Burberry is not alone.

Bidding wars for prime retail locations in Hong Kong have been heating up in recent months. Some analysts call this a typical “changing hands season” for Hong Kong’s high-end property market. The only key to victory is price.

Asia’s leading fashion brand Shanghai Tang opened its first shop in the mid-1990s on the ground floor of the historic Pedder Building on Central’s Pedder Street. The same location will soon be home to a new name.

U.S. fashion brand Abercrombie & Fitch, known for welcoming customers to its flagship store on Fifth Avenue in New York City with muscular male models, will reportedly pay about $1 million per month for the location, 2.5 times more than the rent Shanghai Tang paid.

Despite the surprisingly fast rising rents in Central, Shanghai Tang, now owned by Richemont, one of the world’s leading luxury goods groups, is keen to stay in the Pedder Building, but has decided to move upstairs where rents are cheaper, local media reported.

Luxury brands are rushing into Hong Kong to tap the fast-growing demand from middle-class consumers from mainland China who swarm to Hong Kong to buy luxury products at prices far cheaper than in mainland China. U.S. upscale bag maker Coach is said to be planning to float shares in Hong Kong in the wake of Prada’s successful listing in the financial centre.

Local Hong Kong people and even some government officials and legislators in the former British colony have already complained about the quantity of money flowing into Hong Kong from the mainland, pushing property prices higher than the city’s towering skyscrapers.

Perhaps, the fast-growing retail rents willingly paid by global luxury brands can also be blamed on the luxury-loving mainland consumers who are becoming their best customers.

George Chen is a Reuters editor and columnist based in Hong Kong.
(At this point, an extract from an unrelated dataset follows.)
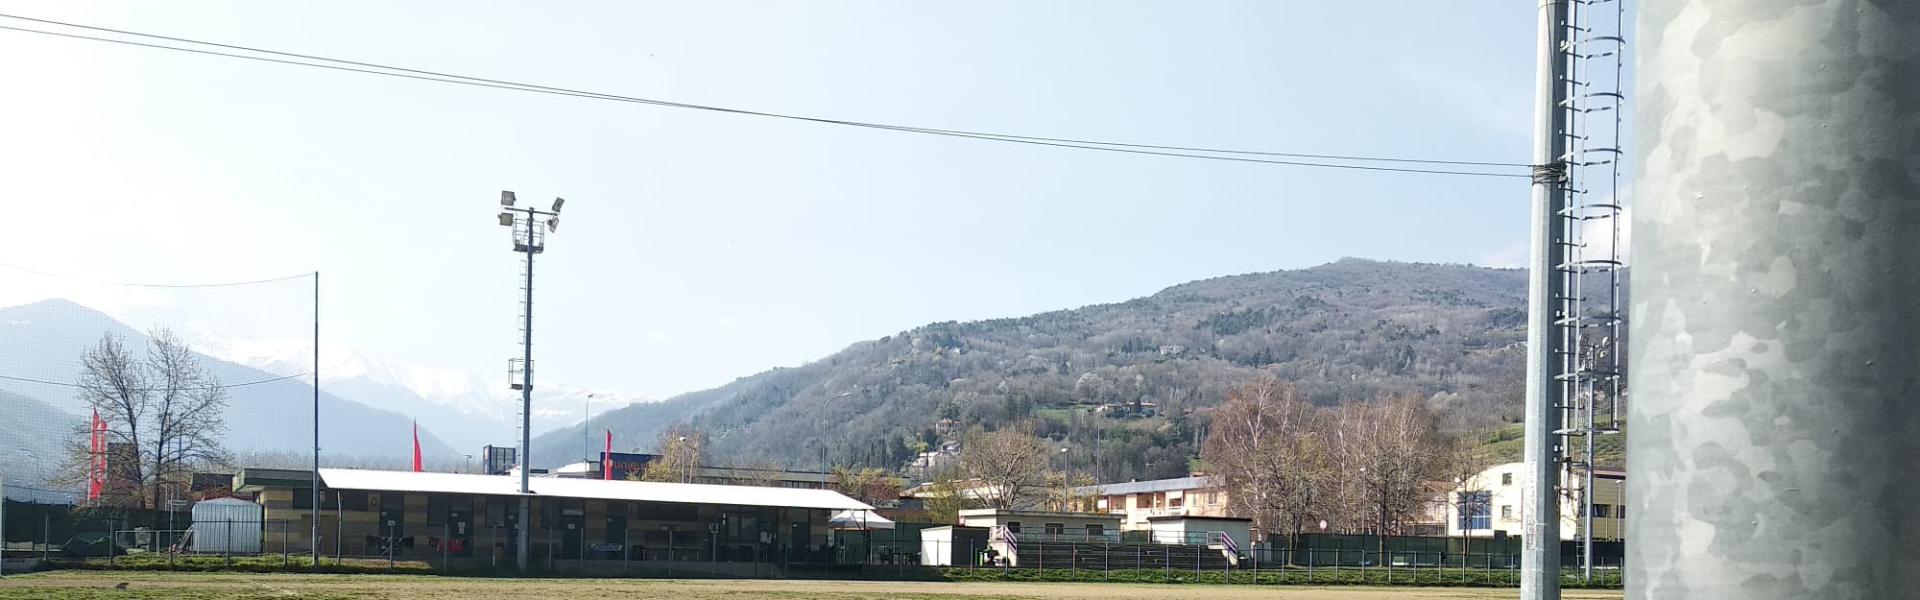 Immagine panoramica dell'impianto sportivo

Photo: The closing Shanghai Tang store in Central, Hong Kong, seen on Oct. 26, 2011. REUTERS/George Chen

COMMENT

Hong Kong hasn’t really drunk anything CarlOmunificent. This author is always making article about Hong Kong when he’s really only talking about Central, which is an extremely small area, only few blocks in size. If you look at other part of Hong Kong, like Jordan, the rents are not going up nearly as fast if at all.

The further north you go up Nathan Road the cheaper the rents get. It’s only in downtown Hong Kong Island where things get expensive. I wonder why mainland China charges more money for Burberry?

Posted by mahadragon | Report as abusive

Designed in New York, made in Dongguan

Oct 24, 2011 05:26 EDT

By George Chen
The opinions expressed are the author’s own.

It could be the perfect story to show how China Inc and its American partner can work together for a win-win result, but Chinese consumers are having second thoughts on this.

Earlier this year, upscale U.S. handbag and accessory maker Coach said it planned to list in Hong Kong to reflect the growing importance of China’s luxury market. Coach didn’t give a timeframe for the IPO plan, but one thing is fairly certain – before Coach launches its IPO, its local partner in the small city of Dongguan, near Hong Kong, will aim to rise $200 million first.

The company, Sitoy (Dongguan) Leather Products has hired Bank of America-Merrill Lynch for a Hong Kong listing by the end of November. In IPO marketing materials distributed to potential investors, Sitoy described itself as the largest handbag OEM (original equipment manufacturer) in China, although it didn’t name any of its clients.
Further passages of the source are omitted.